Millstone Gray vs Wild Orchid
Millstone Gray and Wild Orchid come from the same Benjamin Moore collection. Both sit in the grey family, which is useful context if you're narrowing within a single hue direction. The 8-point LRV gap — 25 for Wild Orchid vs 17 for Millstone Gray — means Wild Orchid will open up a space more effectively. Where Millstone Gray leans green, Wild Orchid reads purple — a distinction that shifts noticeably depending on the light source and surrounding finishes. A ΔE of 24.5 puts these firmly in different territory — two distinct design choices rather than close alternatives. Below you'll find 1 real-room photo comparison where both colors appear side by side, plus 5 simulated room previews.
Millstone Gray vs Wild Orchid in Real Spaces
1 real room side by side. Seeing Millstone Gray and Wild Orchid in actual rooms makes the difference concrete; browse the spaces below to get a feel for how each color lives on a wall.
Bedroom
Bedrooms are typically lit with warmer, lower light than the rest of the house — a condition that flatters warm tones and deepens cool ones. Wild Orchid returns significantly more light to the room — in a smaller or darker space, that difference in perceived brightness is hard to miss.
Color Details
Millstone Gray vs Wild Orchid Simulated Comparison
5 simulated room previews — drag the slider on each to see Millstone Gray on one side and Wild Orchid on the other.

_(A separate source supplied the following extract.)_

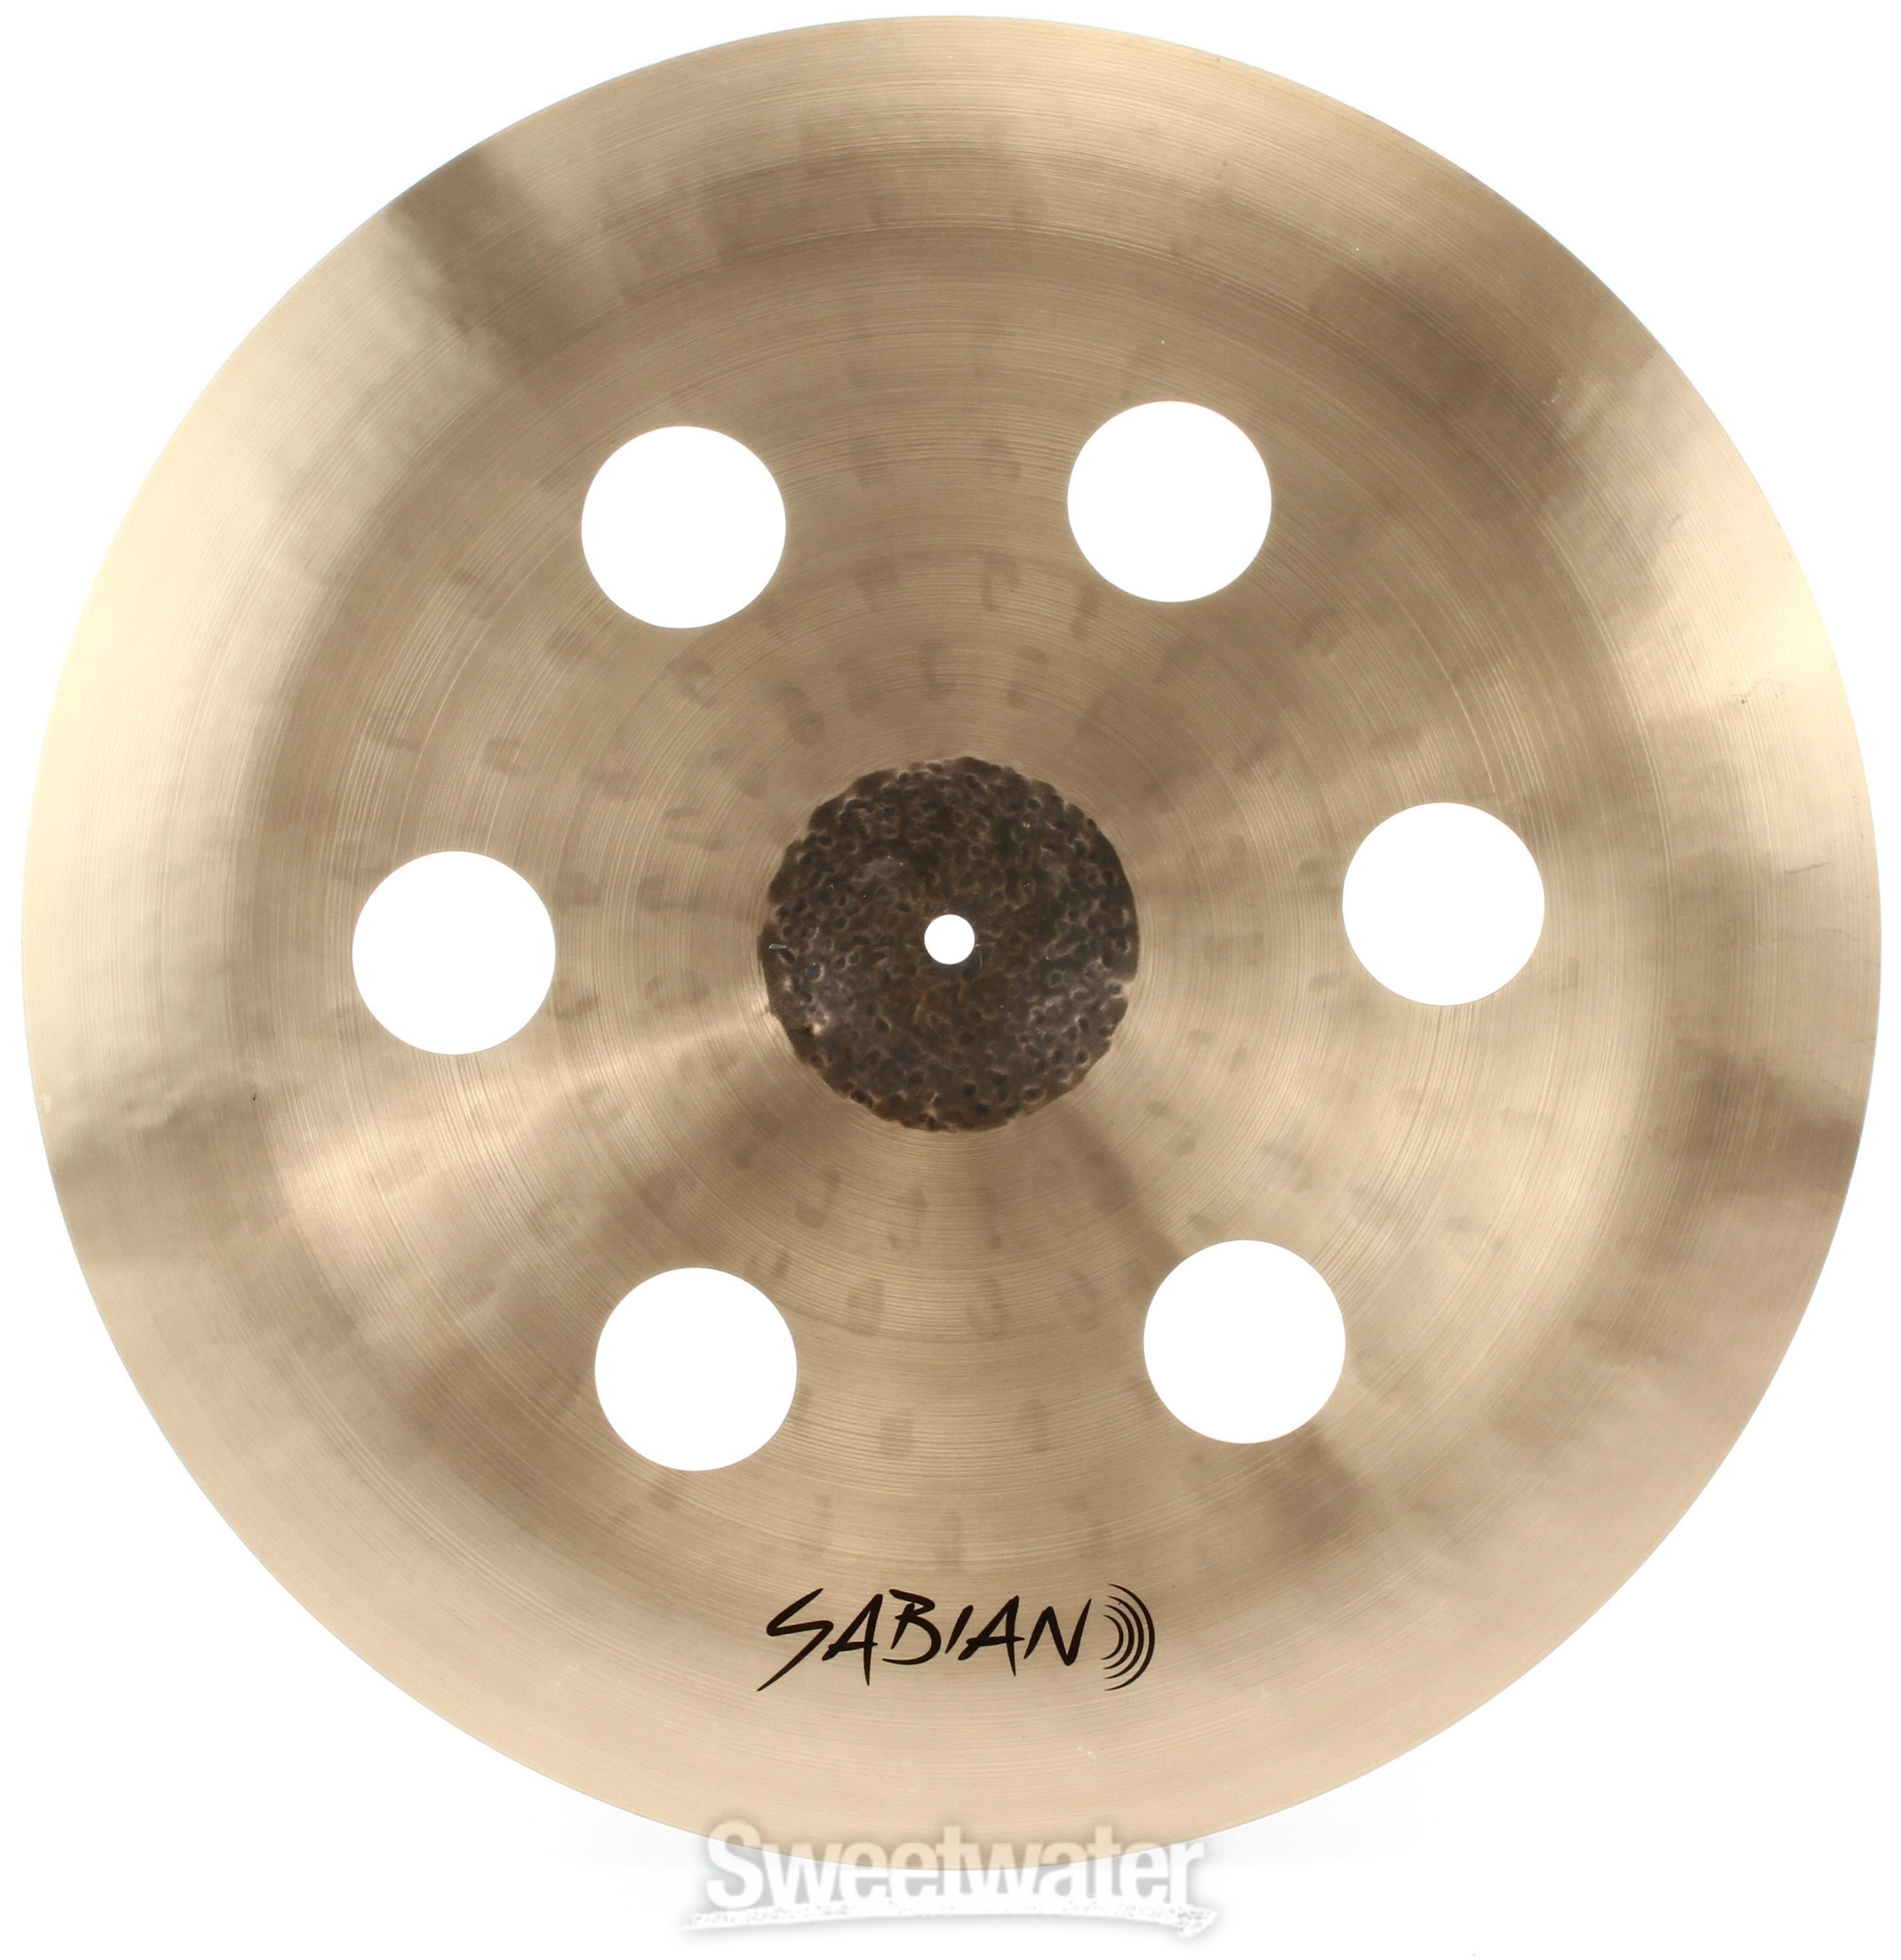 Sabian 19-inch HHX Complex O-Zone China Cymbal

Digital color is approximate. These simulations are generated from the manufacturer's hex values and overlaid on grayscale room photos — your screen's calibration, brightness, and viewing angle all affect how they render. Before committing to either color, test physical samples in your own space under the light you actually live with.
More Millstone Gray comparisons
See how Millstone Gray stacks up against other well-photographed colors across different brands and tones.